Let us reproduce Figure 3.7, which shows the logit, probit and complementary log-log link, after standardizing the latent variable so it has mean 0 and variance 1. The probit link is based on the standard normal distribution, which is already standardized. The logit link is based on the standard logistic distribution, which has mean 0 and variance π2/3. The c-log-log link is based on the extreme value (log Weibull) distribution, with mean 0.577 and variance π2/6.
. twoway function y=normal(x), range(-2 2) lpat(solid) /// > || function y=invlogit(x*_pi/sqrt(3)), range(-2 2) lpat(dash) /// > || function y=1-exp(-exp(-0.577+x*_pi/sqrt(6))), range(-2 2) lpat(longdash) /// > , title("Figure 3.7: Probit, Logit and C-Log-Log Links") /// > subtitle(Standardized) ytitle(Probability) xtitle("Linear Predictor") /// > legend(order(1 "probit" 2 "logit" 3 "cloglog") cols(1) ring(0) pos(5)) . graph export fig37.png, width(500) replace file fig37.png saved as PNG format
As you can see, the logit and probit links are virtually indistinguisable. The c-log-log link looks different, but one would still need very large sample sizes to be able to distinguish it from the others.

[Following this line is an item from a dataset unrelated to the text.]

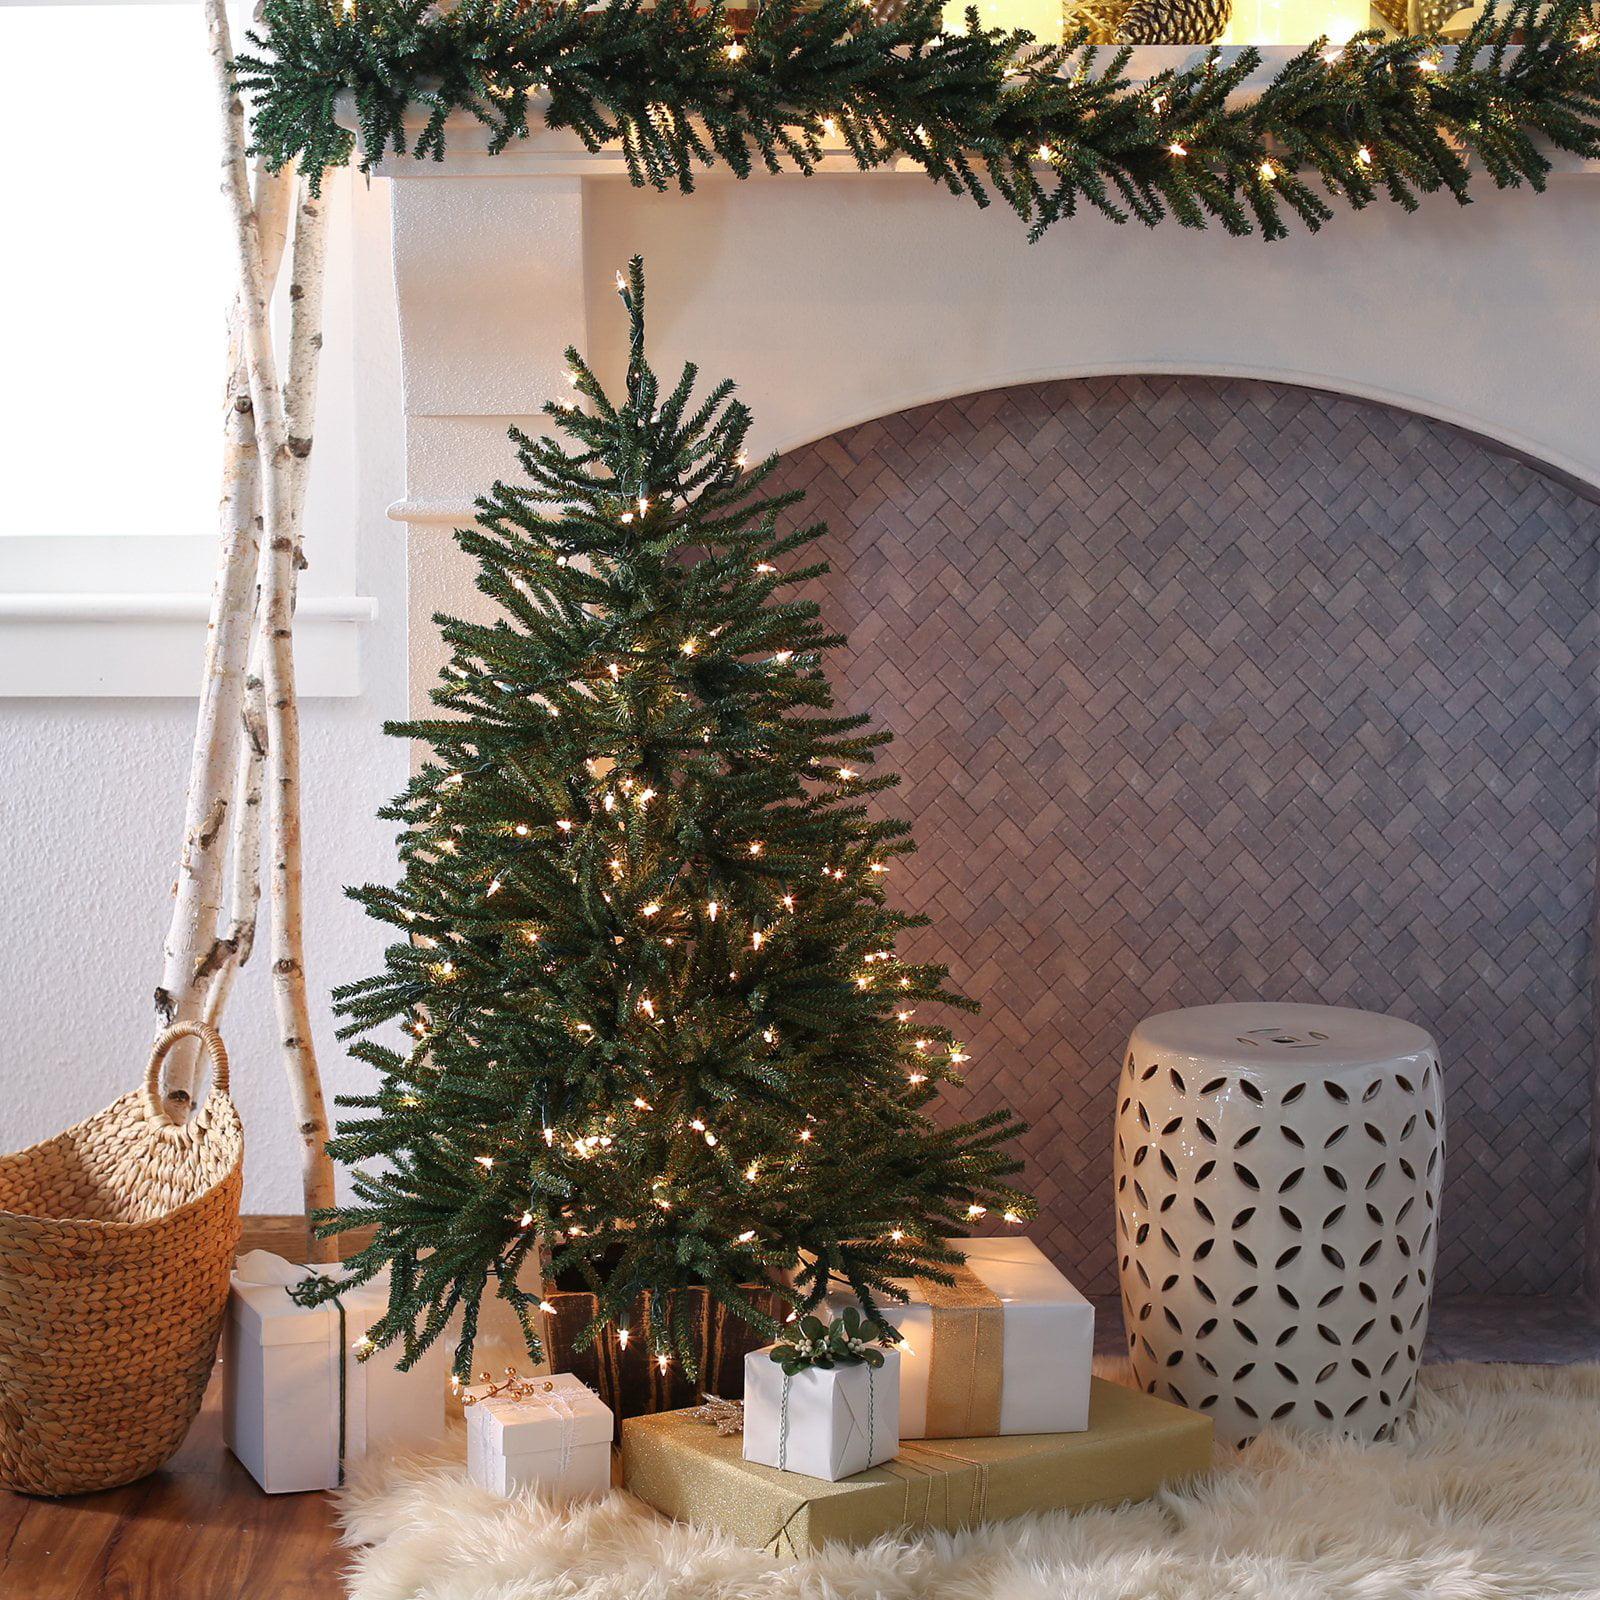 Finley Home 4 ft. Delicate Pine Slim Pre-Lit Christmas ...
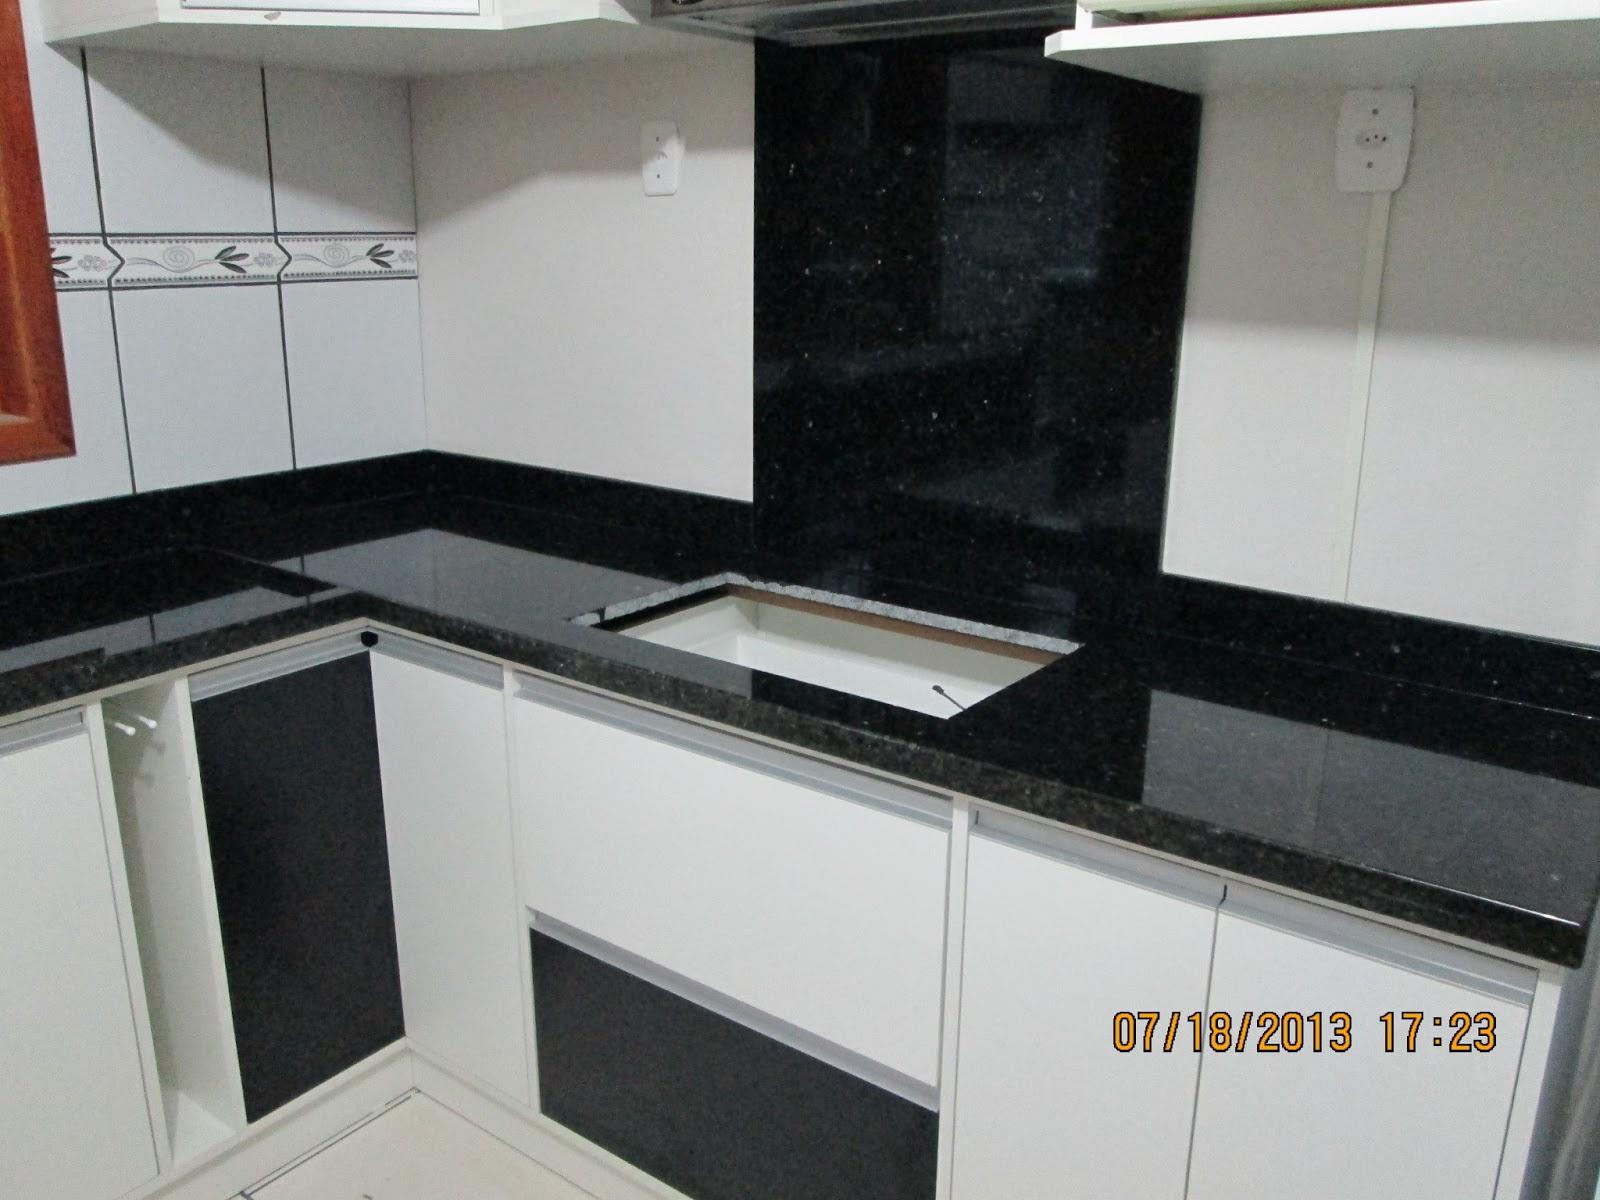 MARMORARIA CARDOZO: Cozinha de Granito Verde Ubatuba #75392A 1600 1200

We will fit a probit model to the data on contraceptive use by age
and desire for more children. Following the notes we will pick the
specification where age is treated linearly and we include an
interaction between age and desire for no more children. To simplify
interpretation of the interaction we center age at 30 years. We use the
glm
command to handle grouped data, see also
probit
for individual data.
. //use https://grodri.github.io/datasets/cuse, clear . use d:/dataweb/wws509/datasets/cusew, clear (Contraceptive Use Data (Fiji, 1976)) . gen n = users + nonusers . recode age (1=-10) (2=-2.5) (3=5) (4=15), gen(agemc) (16 differences between age and agemc) . glm users agemc nomore c.nomore#c.agemc, family(binomial n) link(probit) Iteration 0: log likelihood = -50.26659 Iteration 1: log likelihood = -50.256681 Iteration 2: log likelihood = -50.256681 Generalized linear models Number of obs = 16 Optimization : ML Residual df = 12 Scale parameter = 1 Deviance = 29.00545504 (1/df) Deviance = 2.417121 Pearson = 28.31144084 (1/df) Pearson = 2.359287 Variance function: V(u) = u*(1-u/n) [Binomial] Link function : g(u) = invnorm(u/n) [Probit] AIC = 6.782085 Log likelihood = -50.25668135 BIC = -4.26561 ─────────────────┬──────────────────────────────────────────────────────────────── │ OIM users │ Coefficient std. err. z P>|z| [95% conf. interval] ─────────────────┼──────────────────────────────────────────────────────────────── agemc │ .0128686 .0060884 2.11 0.035 .0009356 .0248017 nomore │ .4389759 .0744411 5.90 0.000 .293074 .5848777 │ c.nomore#c.agemc │ .0304807 .0092269 3.30 0.001 .0123963 .0485651 │ _cons │ -.7374078 .0453175 -16.27 0.000 -.8262284 -.6485872 ─────────────────┴──────────────────────────────────────────────────────────────── . mat b_probit = e(b)'
Probit coefficients can be interpreted in terms of a standardized latent variable representing a propensity to use contraception, or the difference in expected utilities between using and not using contraception.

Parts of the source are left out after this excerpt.